● **EXERCISE GOAL**
Copy out every entry that follows, without a single picture.

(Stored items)

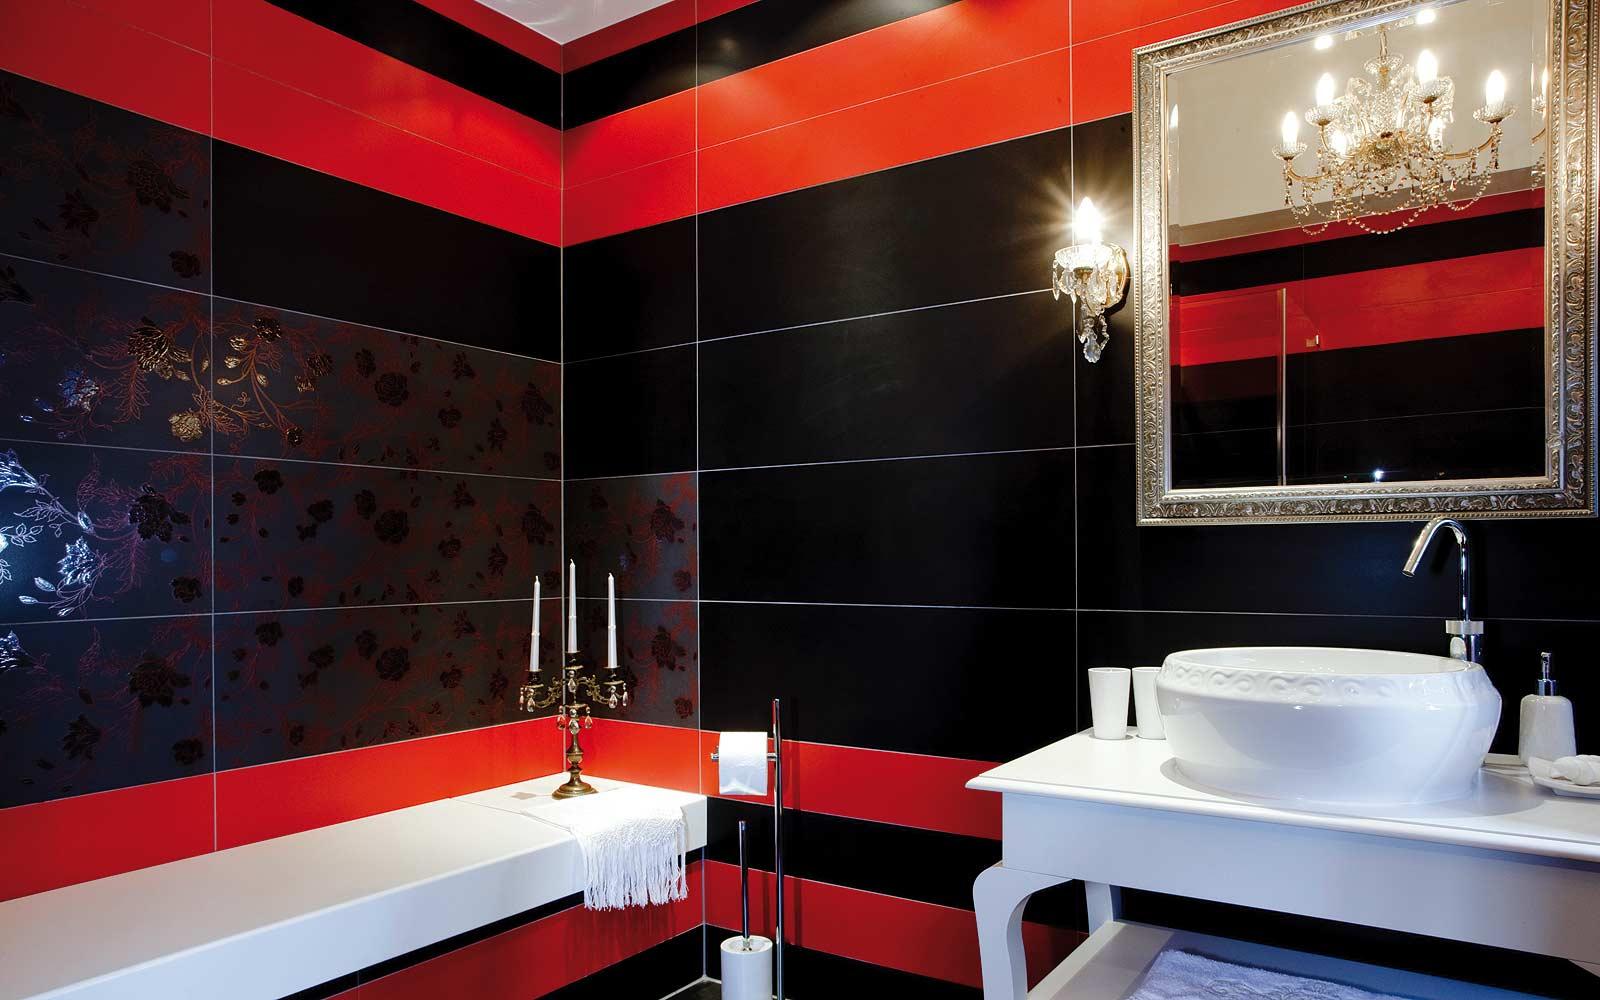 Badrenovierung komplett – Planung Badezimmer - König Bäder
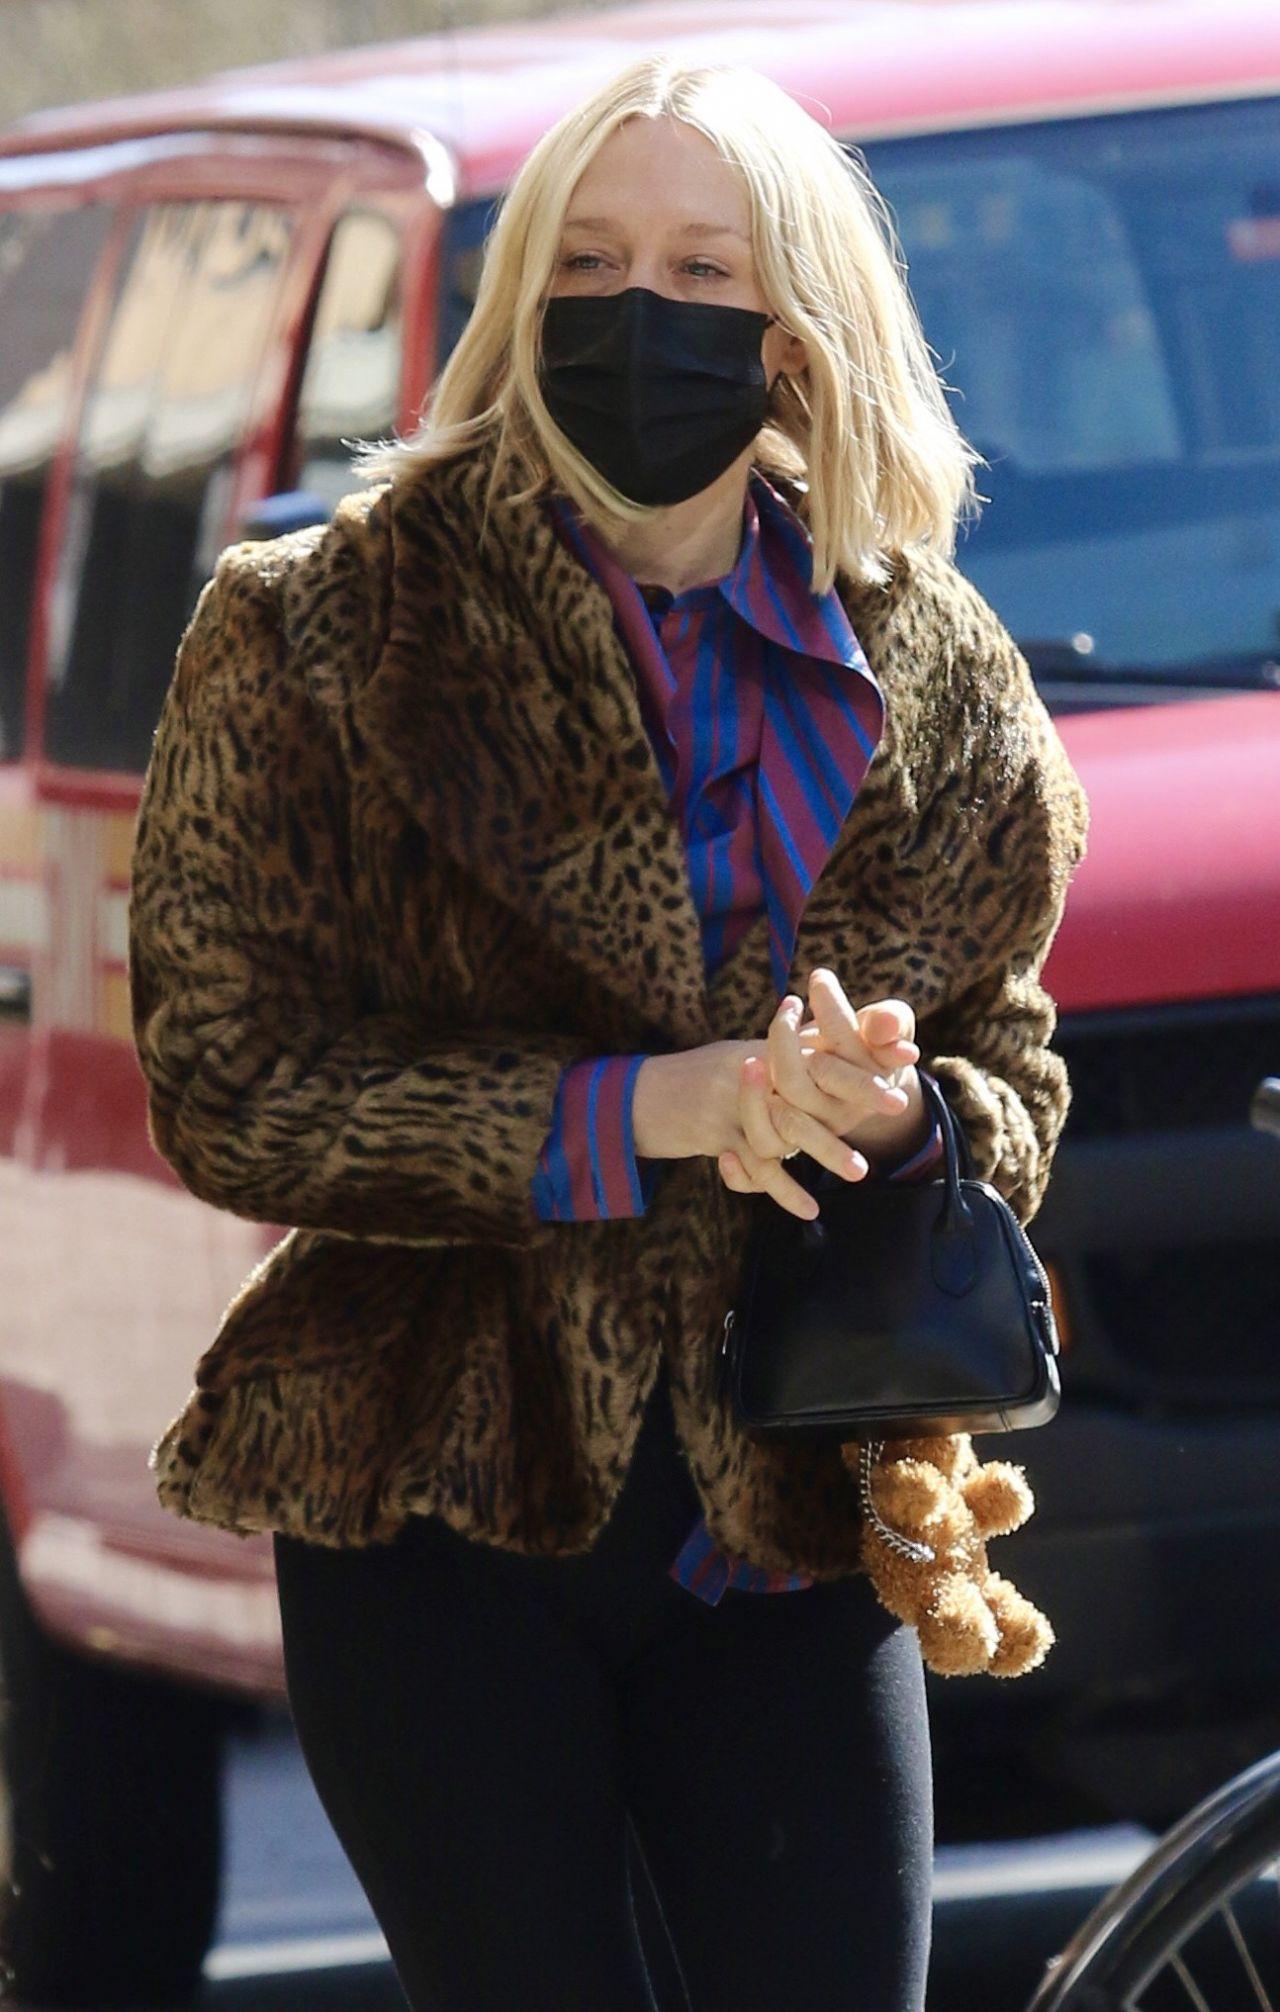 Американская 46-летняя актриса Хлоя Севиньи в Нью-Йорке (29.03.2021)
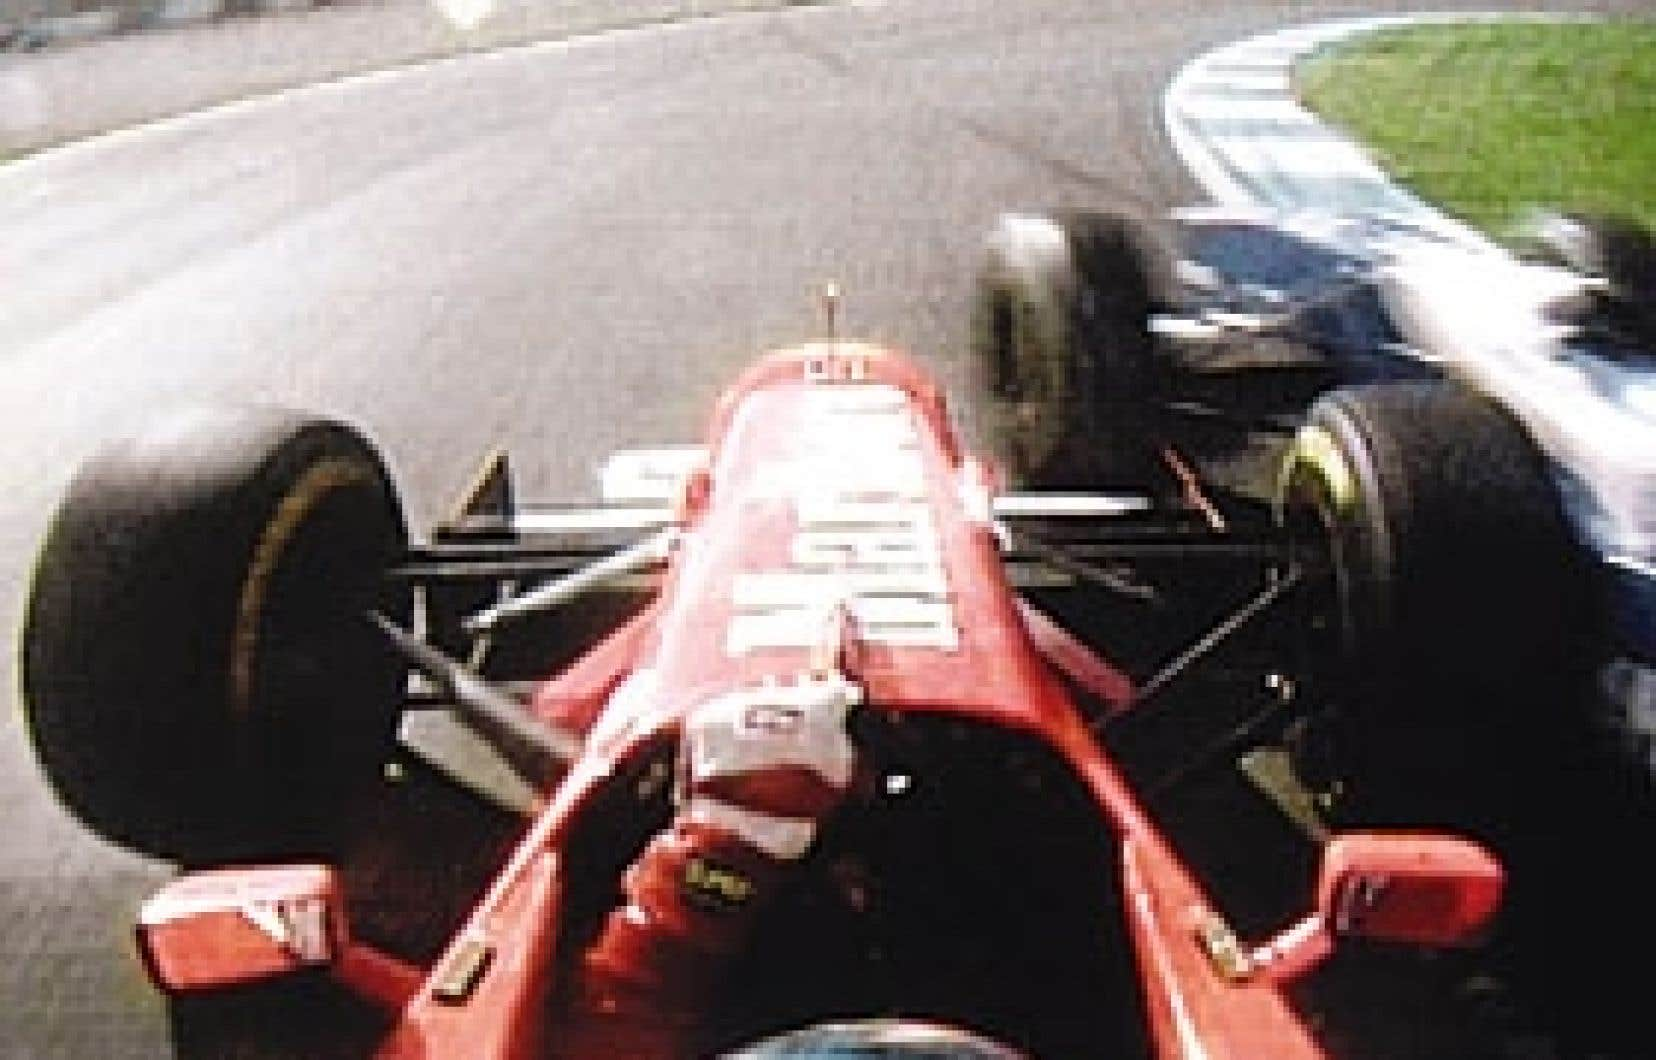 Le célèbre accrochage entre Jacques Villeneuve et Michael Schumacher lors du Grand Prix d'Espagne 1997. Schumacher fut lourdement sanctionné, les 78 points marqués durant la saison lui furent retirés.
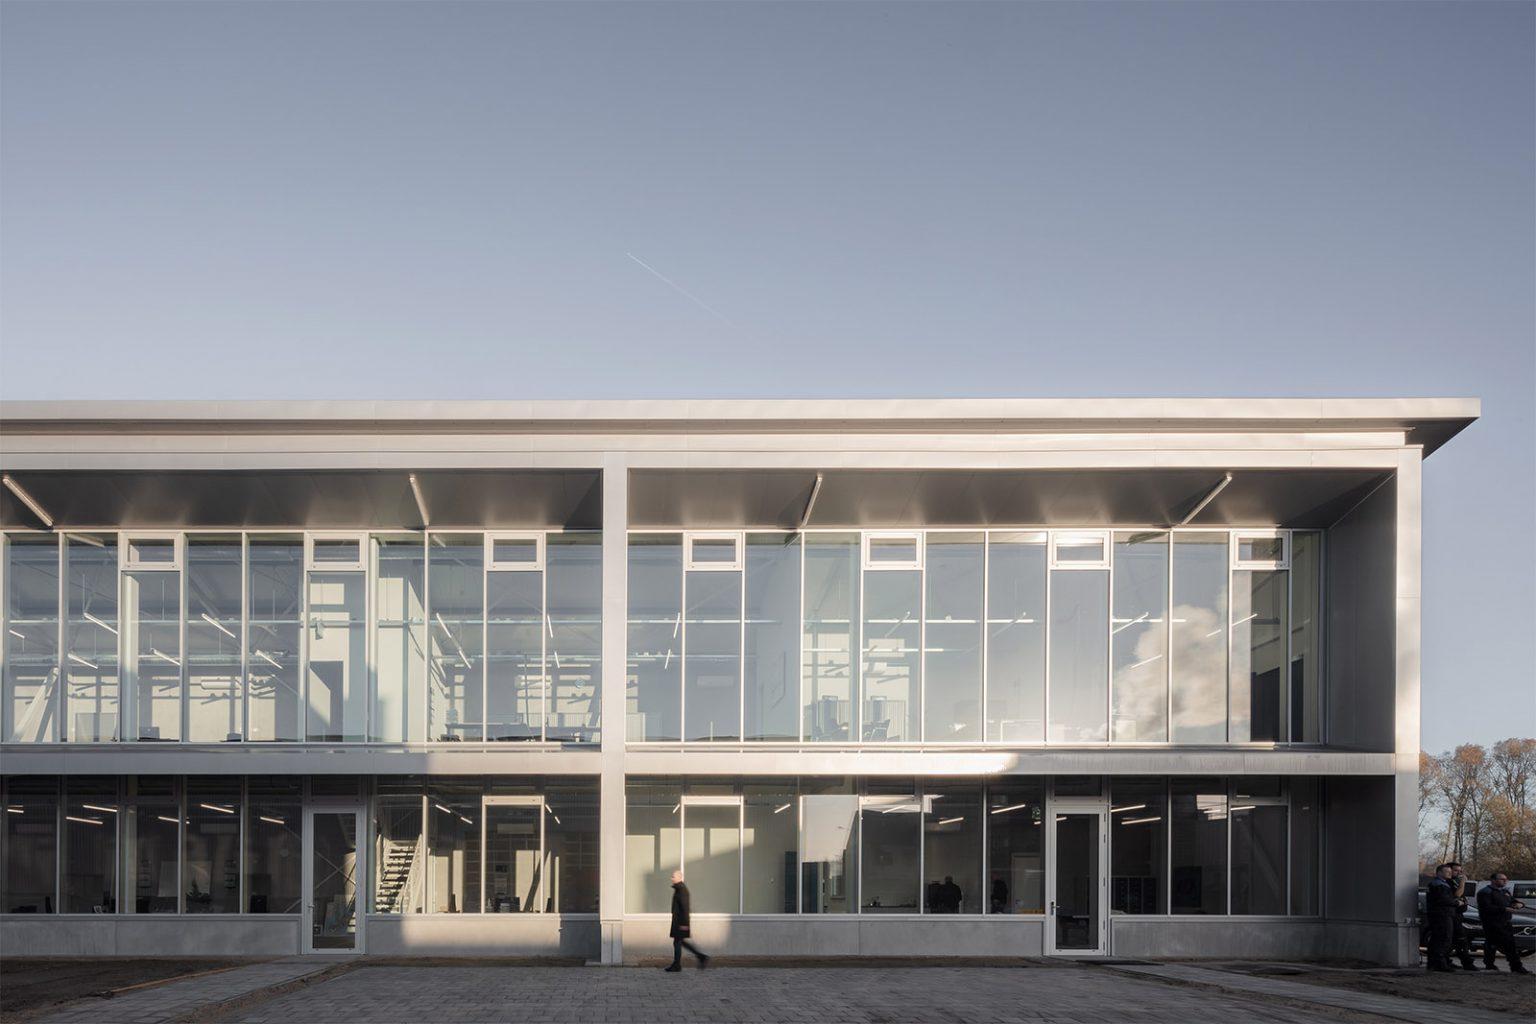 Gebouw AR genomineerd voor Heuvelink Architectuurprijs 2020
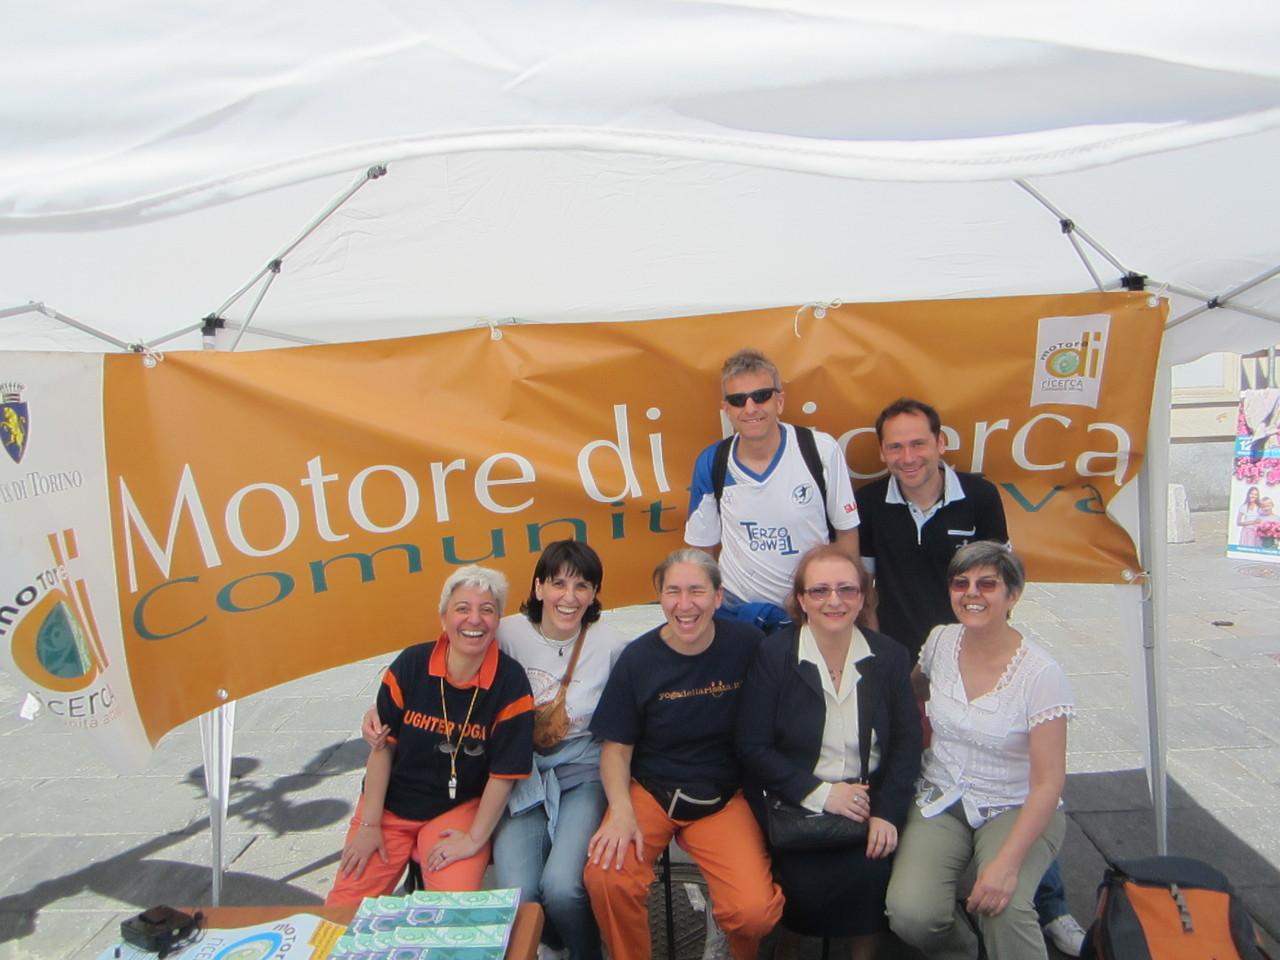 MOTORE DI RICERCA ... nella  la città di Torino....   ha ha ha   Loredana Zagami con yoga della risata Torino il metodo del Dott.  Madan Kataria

● **EXERCISE RESULT**
 Badrenovierung komplett – Planung Badezimmer - König Bäder
 Американская 46-летняя актриса Хлоя Севиньи в Нью-Йорке (29.03.2021)
 Le célèbre accrochage entre Jacques Villeneuve et Michael Schumacher lors du Grand Prix d'Espagne 1997. Schumacher fut lourdement sanctionné, les 78 points marqués durant la saison lui furent retirés.
 Gebouw AR genomineerd voor Heuvelink Architectuurprijs 2020
 MOTORE DI RICERCA ... nella  la città di Torino....   ha ha ha   Loredana Zagami con yoga della risata Torino il metodo del Dott.  Madan Kataria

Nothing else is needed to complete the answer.